\name{simulatedclustereddata}
\alias{clustertestdata}
\alias{clustertraindata}
\docType{data}
\title{
  Simulated data sets to illustrate the package functionality
}
\description{
  Both the \code{clusteredtraindata} and \code{clusteredtestdata} dataframe are synthetically generated data sets to illustrate the functionality of the package.
  The \code{clusteredtraindata} has 1000 observations and the \code{clusteredtestdata} has 500 observations.
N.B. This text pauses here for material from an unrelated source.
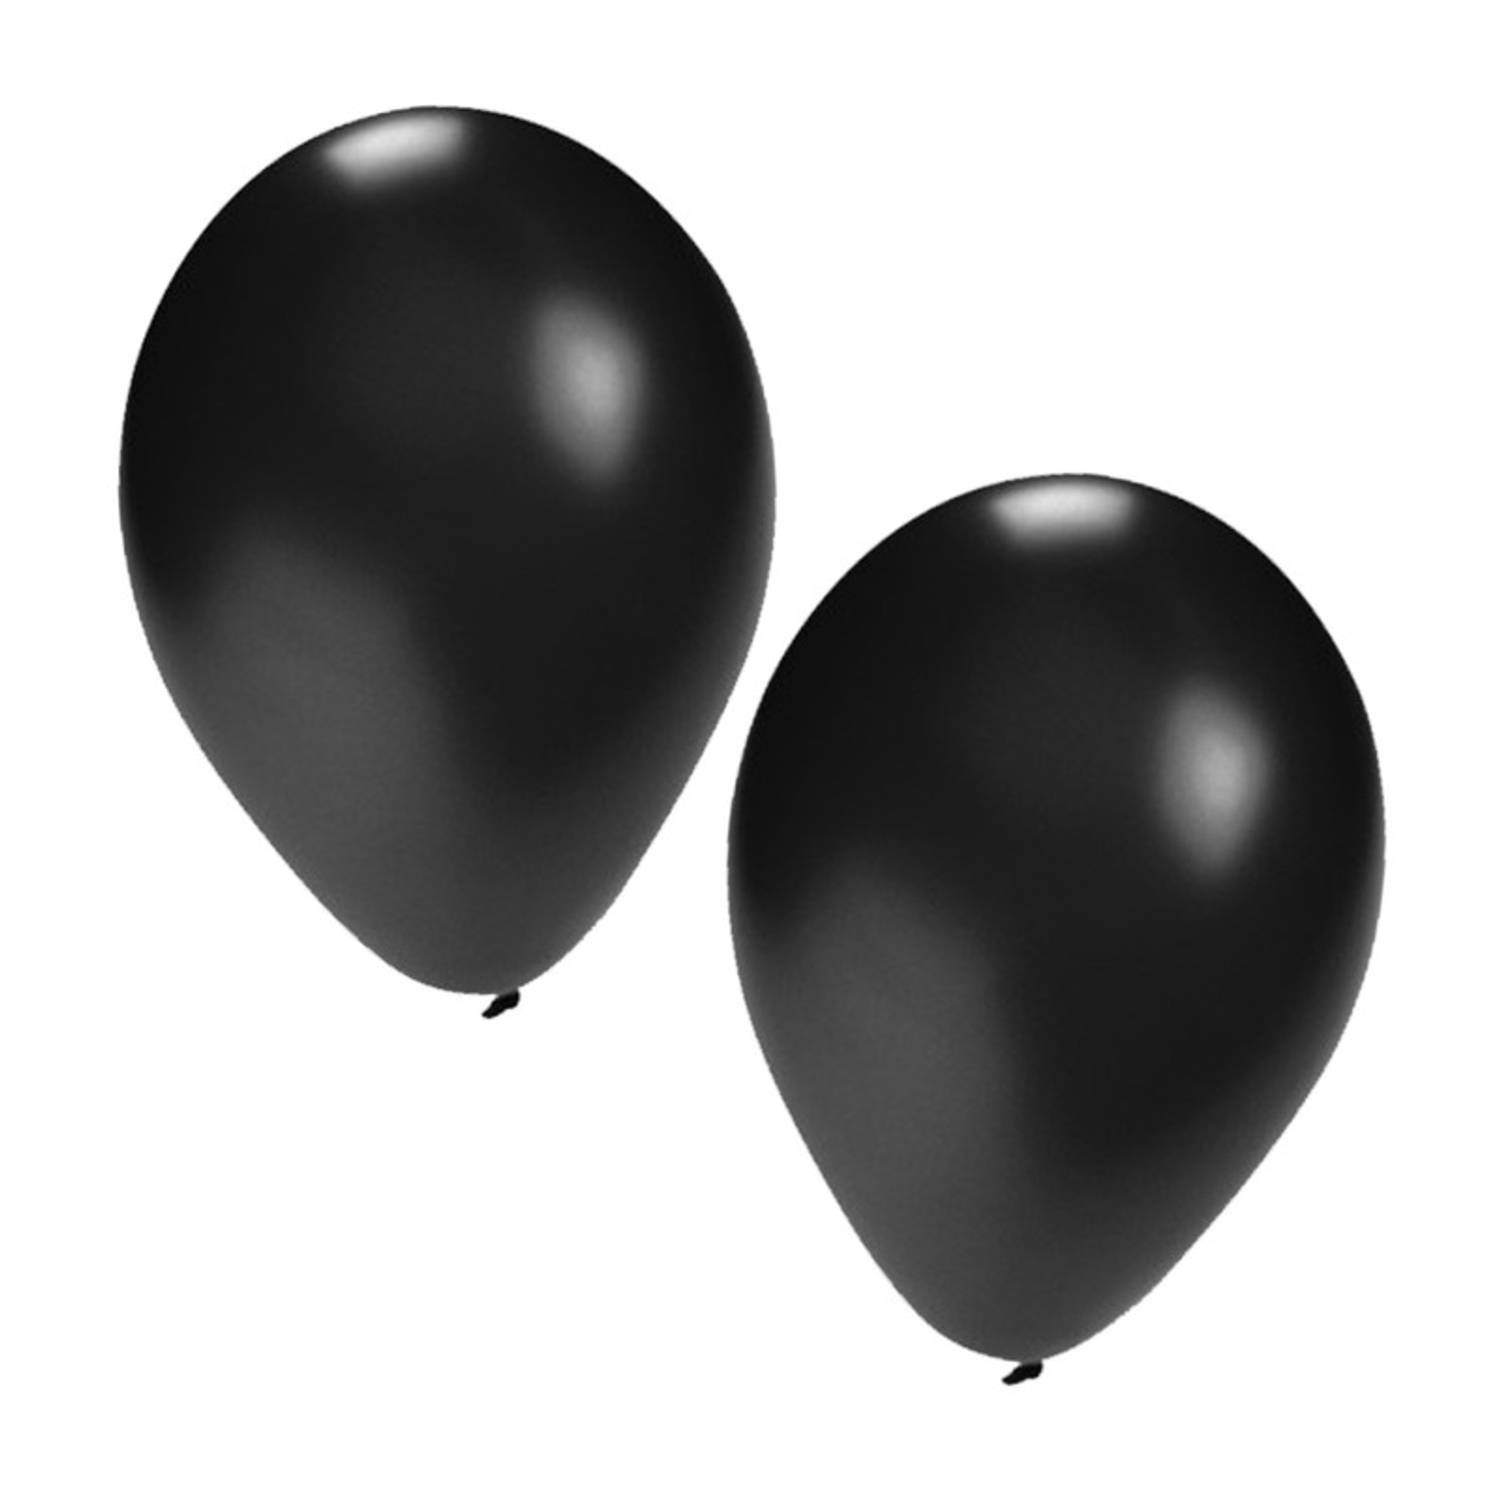 stof in de ogen gooien te rechtvaardigen Ontwaken Witte en zwarte ballonnen 50 stuks - Ballonnen | Blokker

The same settings were used to generate both data sets.
}
\usage{
  data(traindata)
  data(testdata)
  }
\format{
  \describe{
    \item{\code{y}}{the binary outcome variable}
    \item{\code{cluster}}{the cluster}
    \item{\code{x1}}{covariate 1}
    \item{\code{x2}}{covariate 2}
    \item{\code{x3}}{covariate 3}
    \item{\code{x4}}{covariate 4}
    \item{\code{x5}}{covariate 5}
  }
}

\details{See the examples for how the data sets were generated.}
\examples{
  # The data sets were generated as follows
  lapply(c("magrittr", "dplyr"), library, character.only = TRUE)
  set.seed(1234)

  # Simulate training data
  nClusters = 10
  p         = 5
  Uj        = scale(rnorm(nClusters))
  nPop      = 1e6
  nSample   = 1e3
  nTest     = 1e3
  X         = replicate(p, rnorm(nPop))
  Beta      = rnorm(p)
  cluster   = sample(seq_len(nClusters), nPop, TRUE)
  table(cluster)
  eta       = X \%*\% Beta + Uj[match(cluster, seq_len(nClusters))]
  y         = rbinom(nPop, 1, binomial()$linkinv(eta))
  Dt        = data.frame(y, X, cluster)
  colnames(Dt) \%<>\% tolower

  clustertraindata = Dt \%>\%
    filter(cluster \%in\% 1:5) \%>\%
    group_by(cluster) \%>\%
    sample_n(size = nSample) \%>\%
    as.data.frame
  clustertestdata = Dt \%>\%
    filter(cluster \%in\% 6:10) \%>\%
    group_by(cluster) \%>\%
    sample_n(size = nTest) \%>\%
    as.data.frame
}
\keyword{datasets}